Ares jokes
Teacher: Now class, if you are dumb, please stand up. Class: *no one stands up* Teacher: Oh c'mon. I know someone over here is dumb. *waves her finger around the left side of the room* Little Johnny: *stands up* Teacher: Oh, Johnny, you think you're dumb? Little Johnny: No, I just feel bad you're standing alone.
All these jokes are plane wrong. My uncle died in 9/11. At least he died doing what he loved, flying planes.
What is a similarity between a pregnant 14-year-old and the fetus inside of her?
They both are thinking, "Shit! Mom is gonna kill me!"
Me: Mom, should I kill the main character in the book I'm writing to make things more interesting?
Mom: Sure, honey! What type of book are you writing?
Me: It's an autobiography.
I opened a company selling landmines disguised as prayer mats. Prophets are going through the roof.
Memes
The colors red, white, and blue are the colors of freedom. Until they are flashing behind you.
People claim that Trump has Russian ties.
FAKE NEWS!
All of Trump's ties are made in China.
I have no friends, but then I realize my true friends are anxiety and depression.
They say people are 75% water.
But I'm 100% useless.
Genders are like the twin towers. There used to be two of them, and now it’s a sensitive subject.
Women are like blackjack. I’m trying for 21, but I always hit on 14.
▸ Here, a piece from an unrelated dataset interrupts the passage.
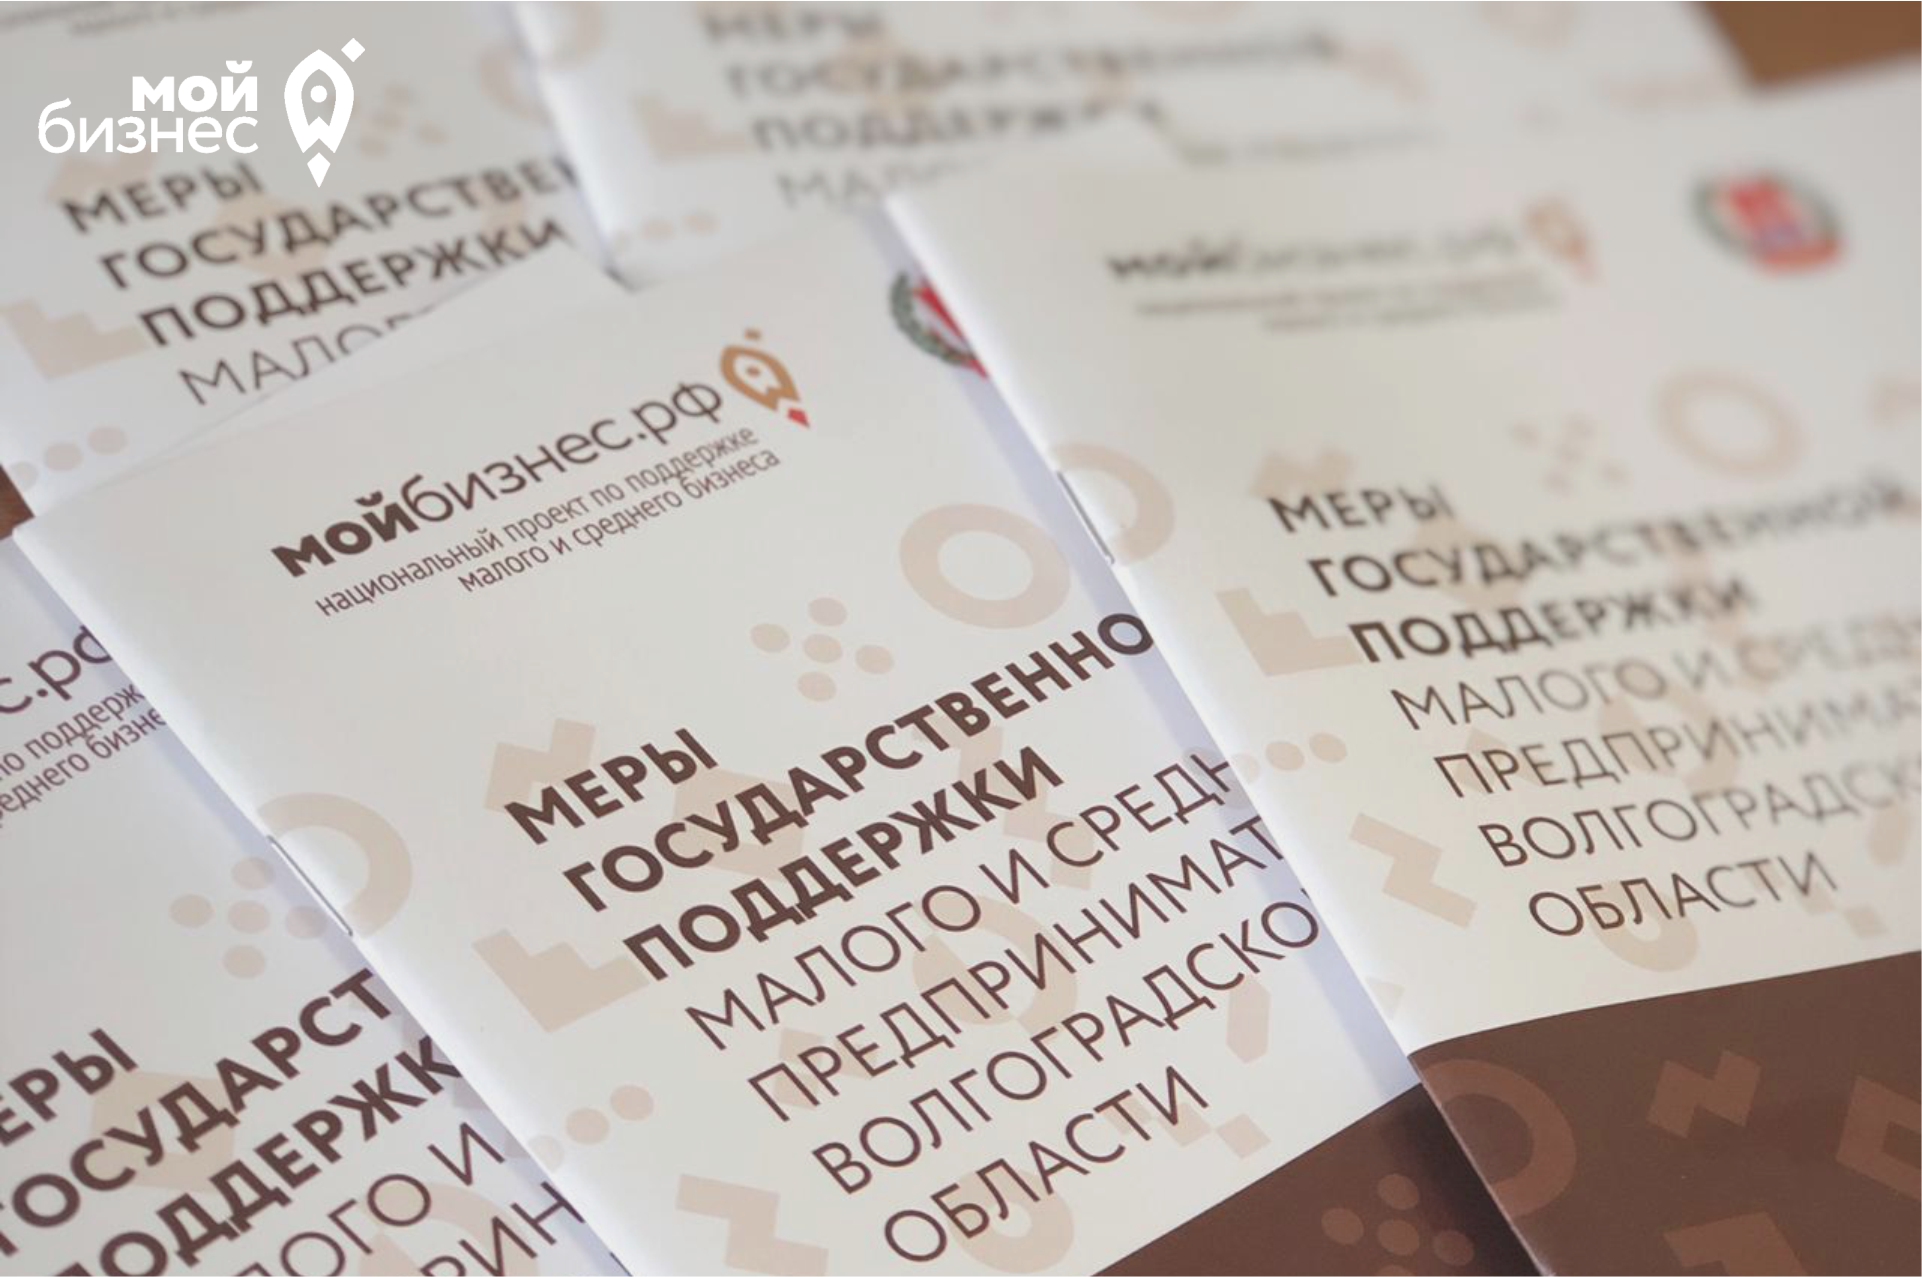 Фонд микрофинансирования предпринимательства Волгоградской области объявляет о старте новой программы

Why are there only 363 days in an orphan's calendar? They don't have Father's or Mother's Day.
If you're ever bored, punch an orphan. What are they gonna do? Tell their parents?
My memes are ironic, but my depression is chronic.
Dark jokes are like water; some people just don't get it.
There are so many things going through my head. Sadly, none of it is a 9mm.
Brojobs are like air. It's not important until you don't have any.
Why are the twin towers mad?
They ordered pepperoni pizza, but all they got was plain.
Dinosaurs are like my dad. I never got to see either of them, and they are now extinct.
Someone asked me, "What are them scars on your arm?" I thought I was playing a violin.